## AIM OF THE TASK
For this exercise, repeat exactly the lines below starting at the line holding "garten sitzbank mit dach bank" and ending at the line holding "Strandkörbe an der", both included, with no extra lines and no pictures.

## TASK INPUT
..............................

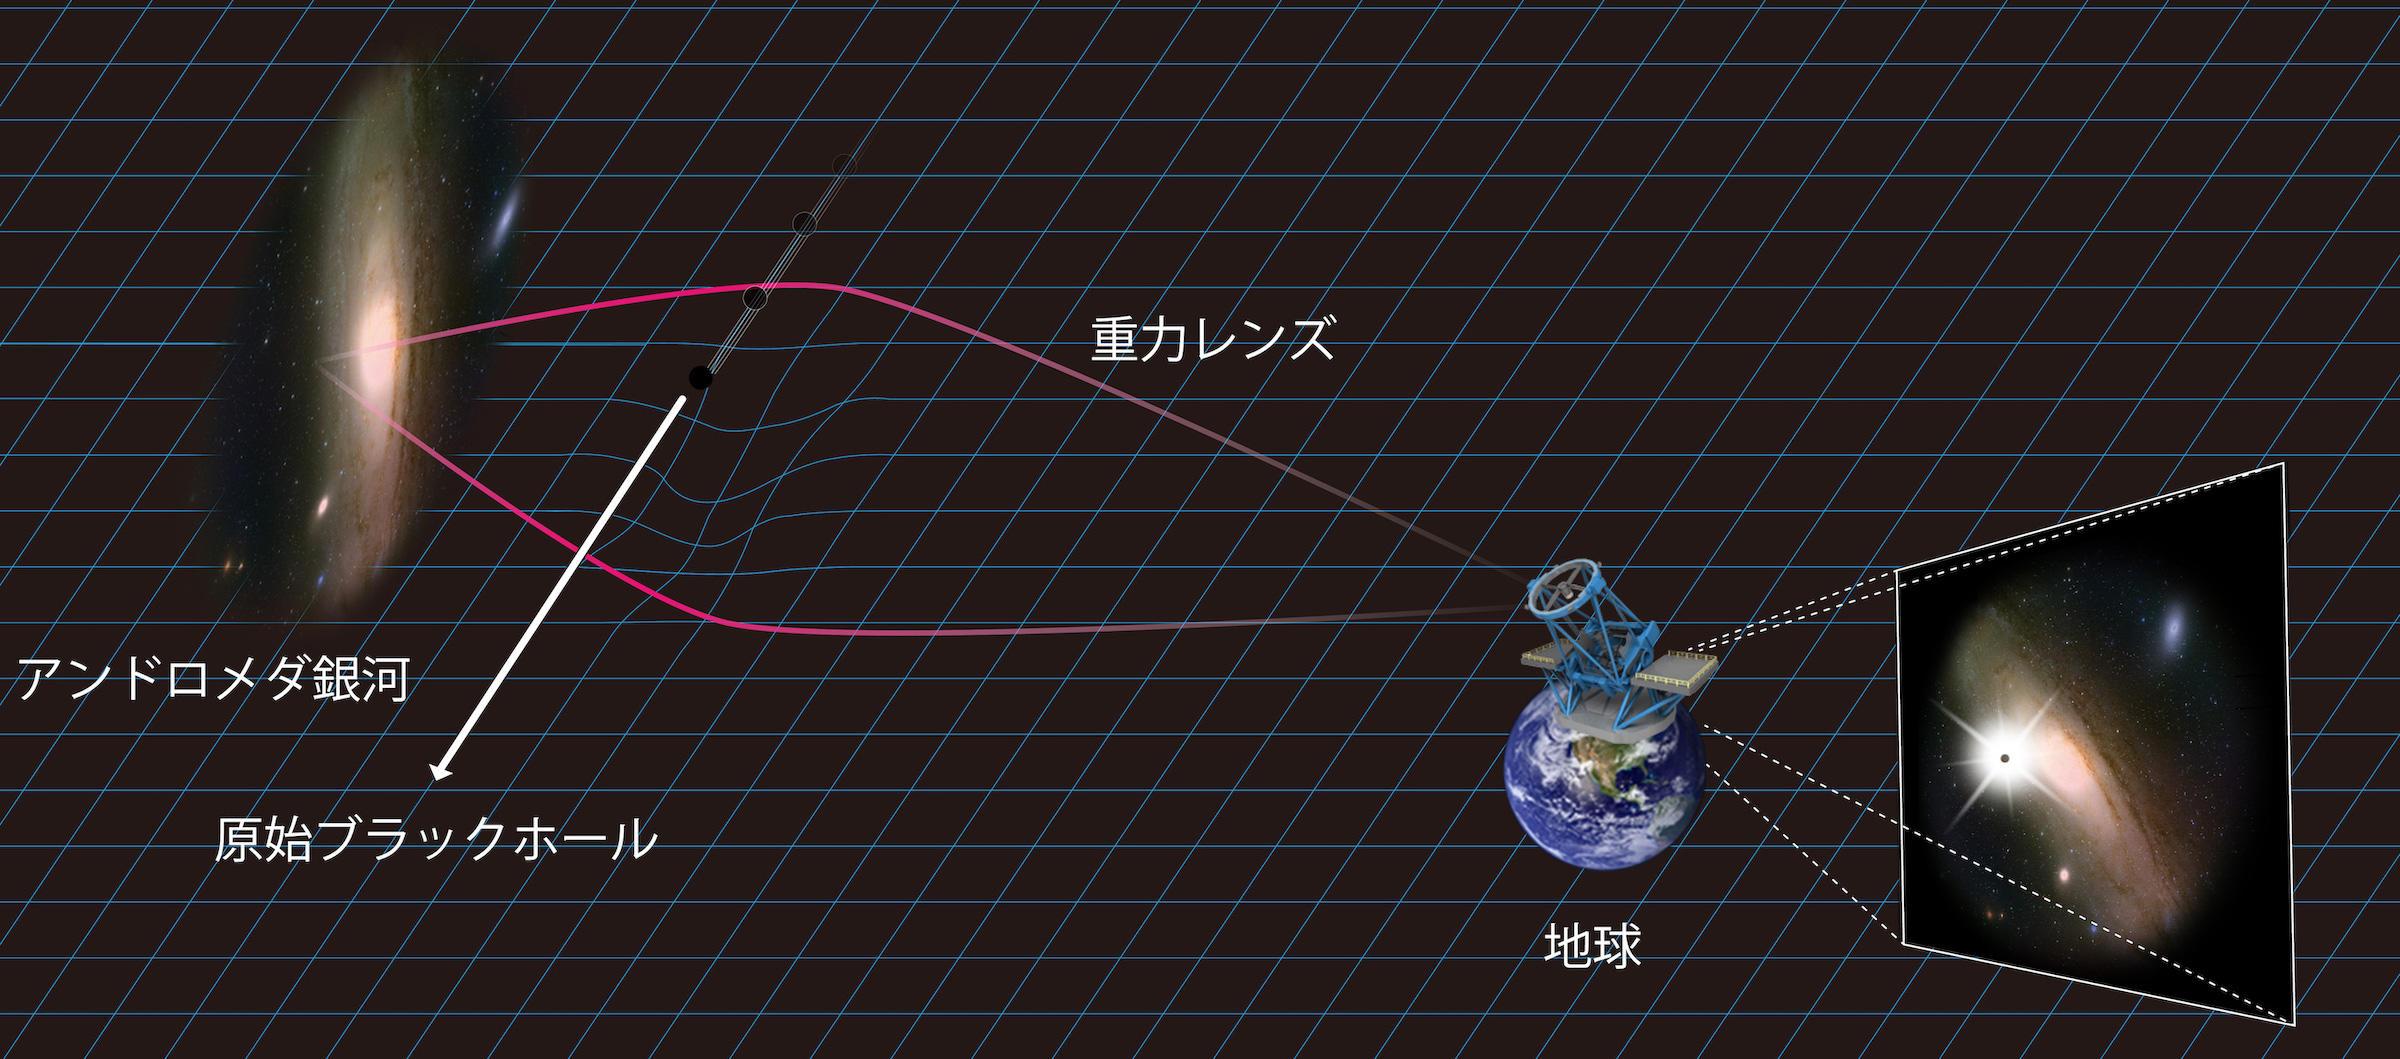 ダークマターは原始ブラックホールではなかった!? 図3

..............................

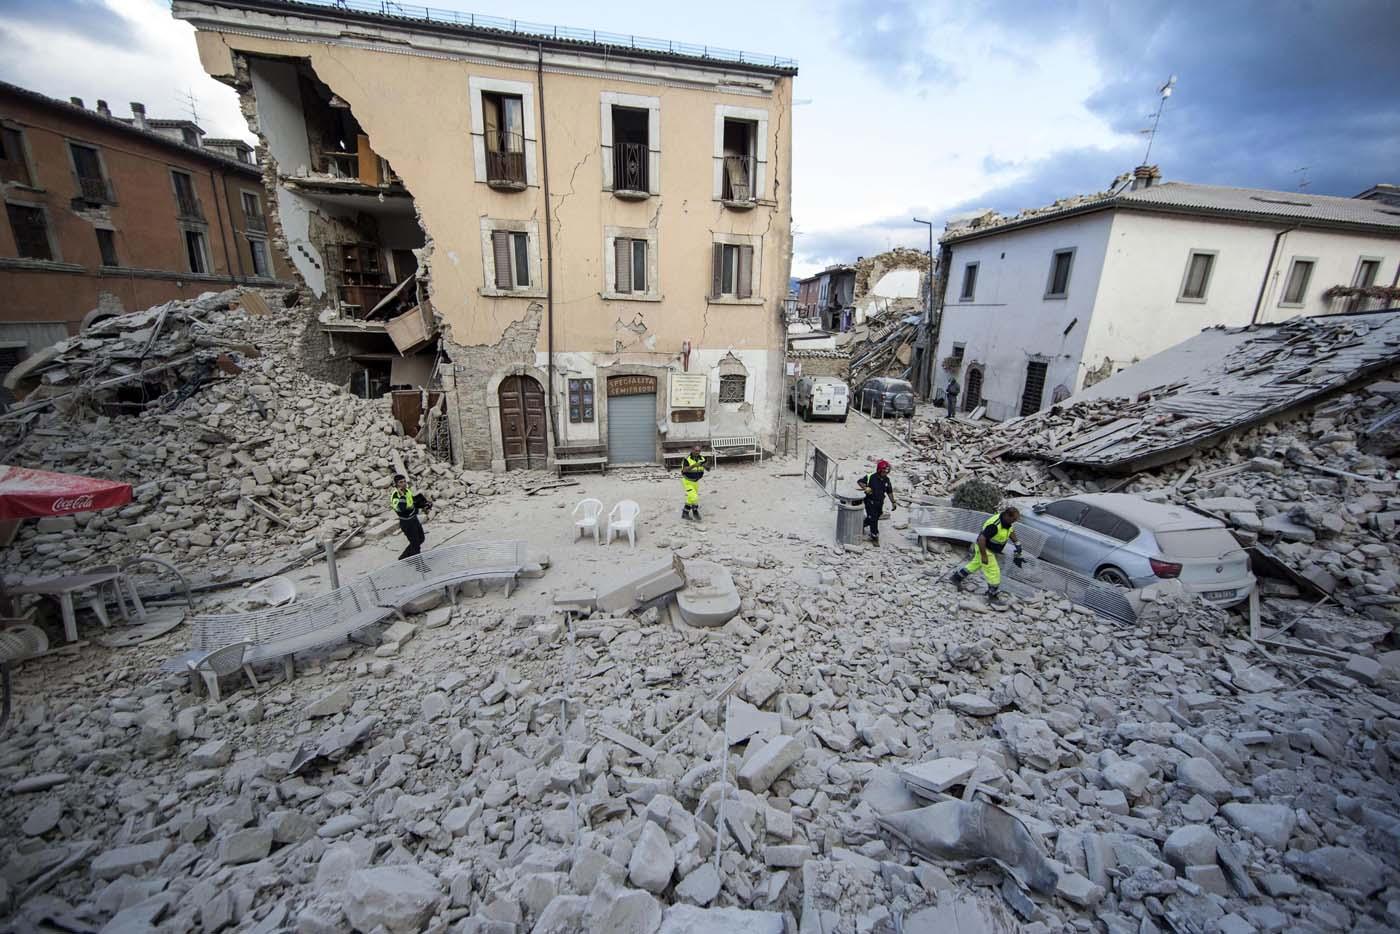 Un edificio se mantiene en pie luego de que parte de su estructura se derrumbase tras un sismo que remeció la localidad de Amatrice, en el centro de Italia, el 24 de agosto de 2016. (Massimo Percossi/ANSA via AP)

..............................

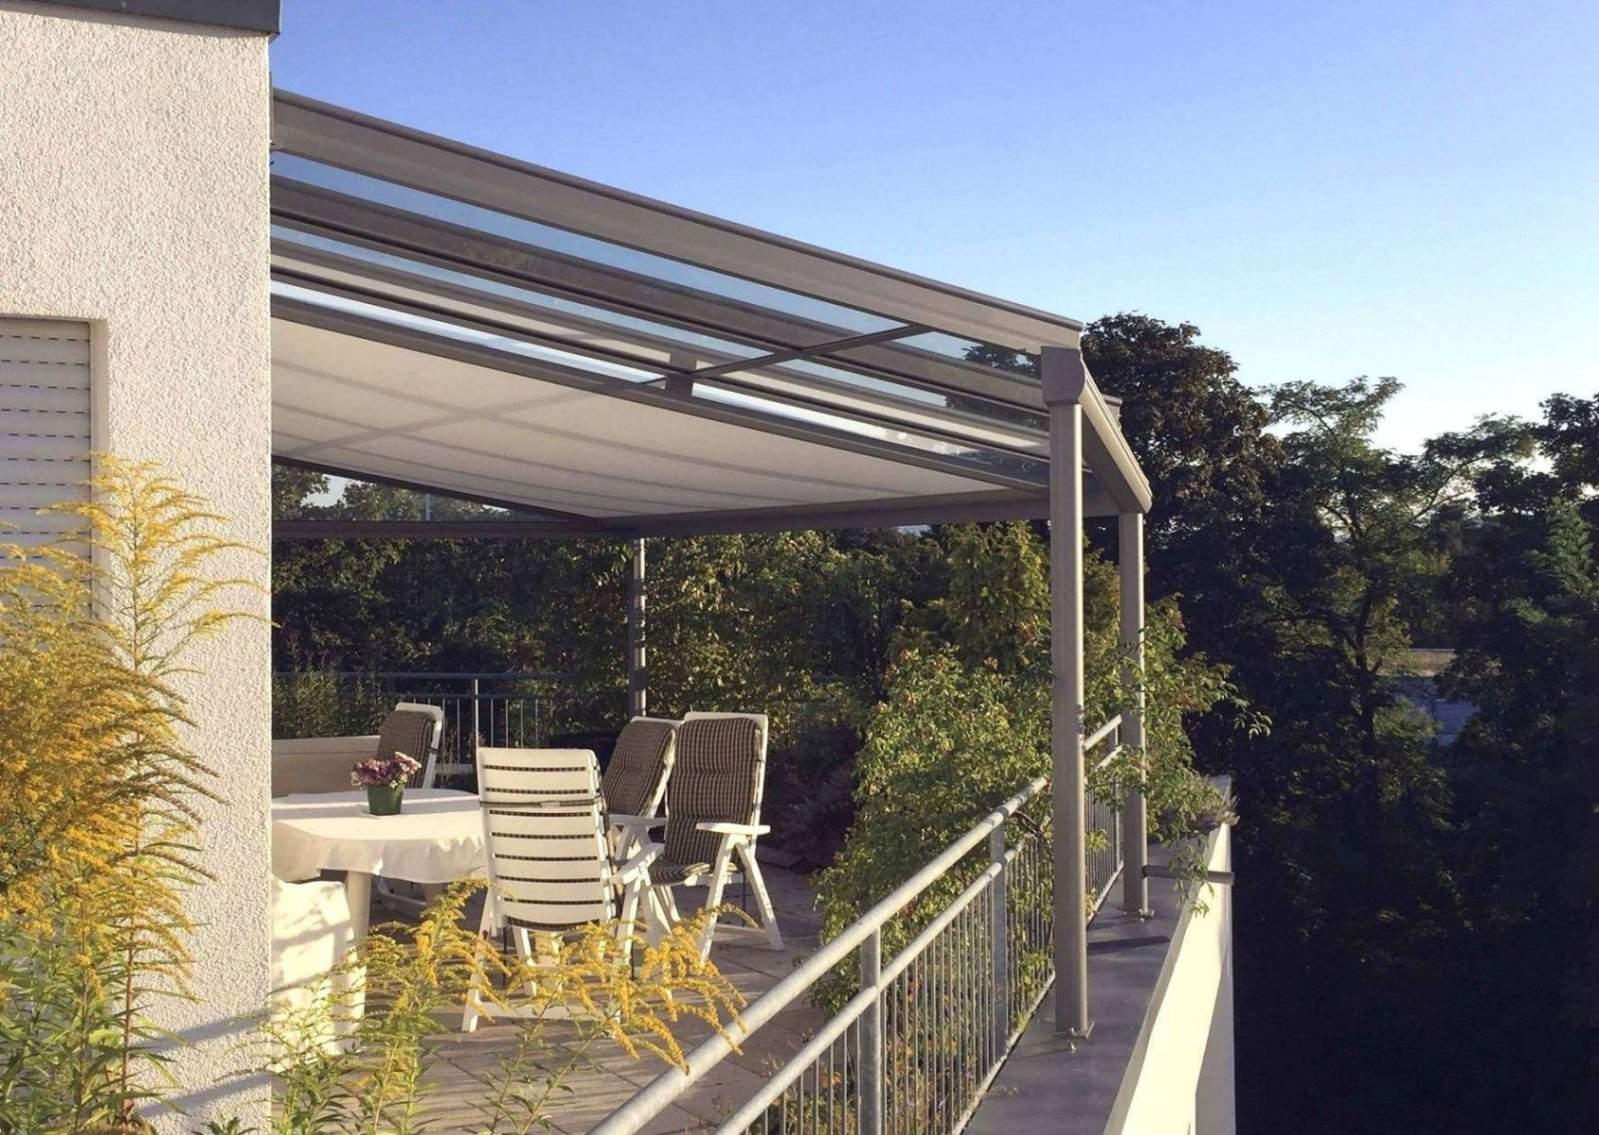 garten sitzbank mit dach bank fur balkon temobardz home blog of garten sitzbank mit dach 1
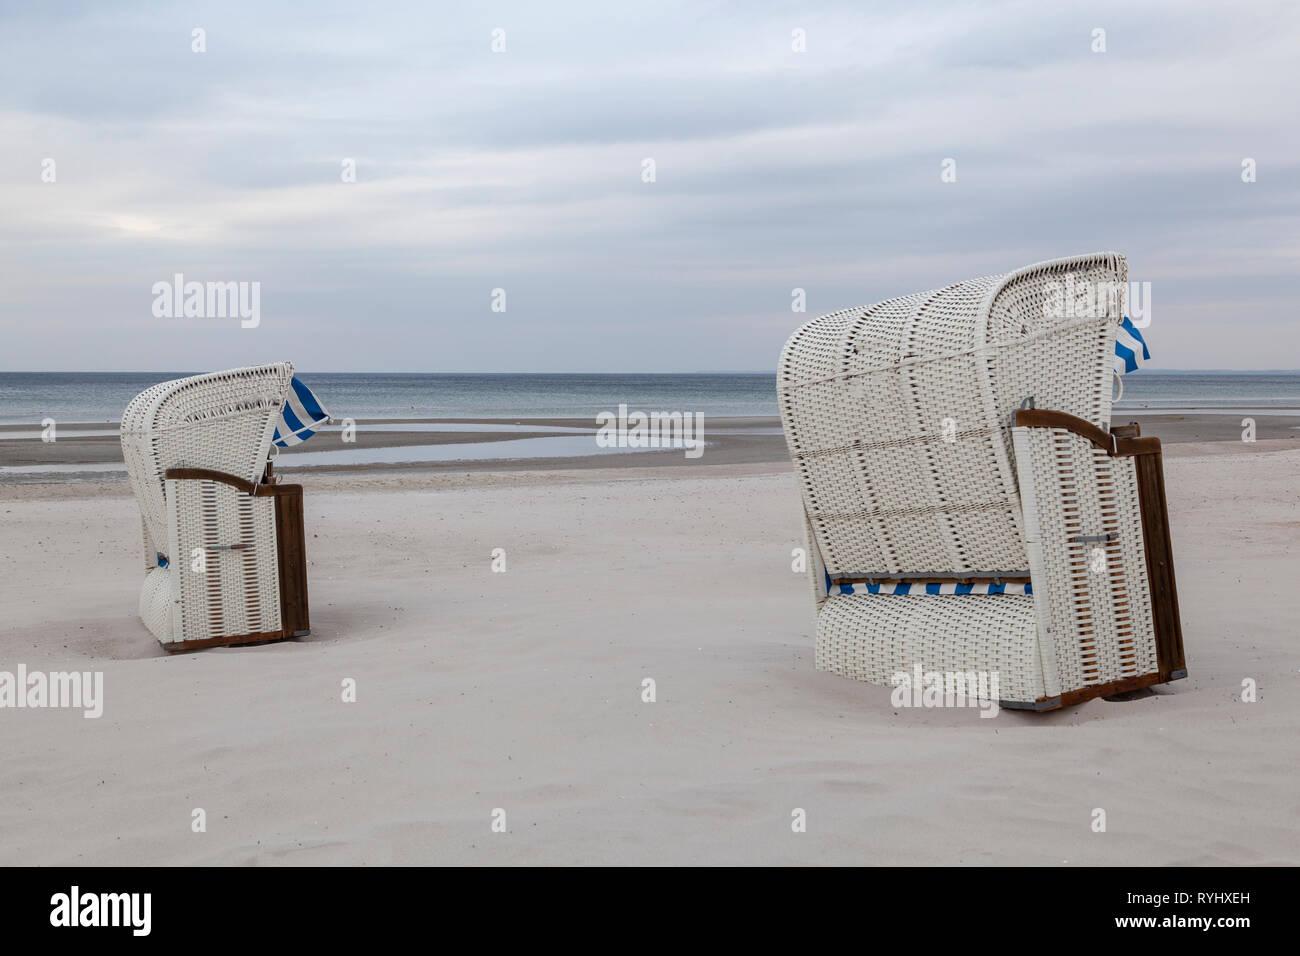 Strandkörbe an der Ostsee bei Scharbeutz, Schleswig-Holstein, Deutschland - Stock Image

..............................

## RESPONSE AREA
 garten sitzbank mit dach bank fur balkon temobardz home blog of garten sitzbank mit dach 1
 Strandkörbe an der Ostsee bei Scharbeutz, Schleswig-Holstein, Deutschland - Stock Image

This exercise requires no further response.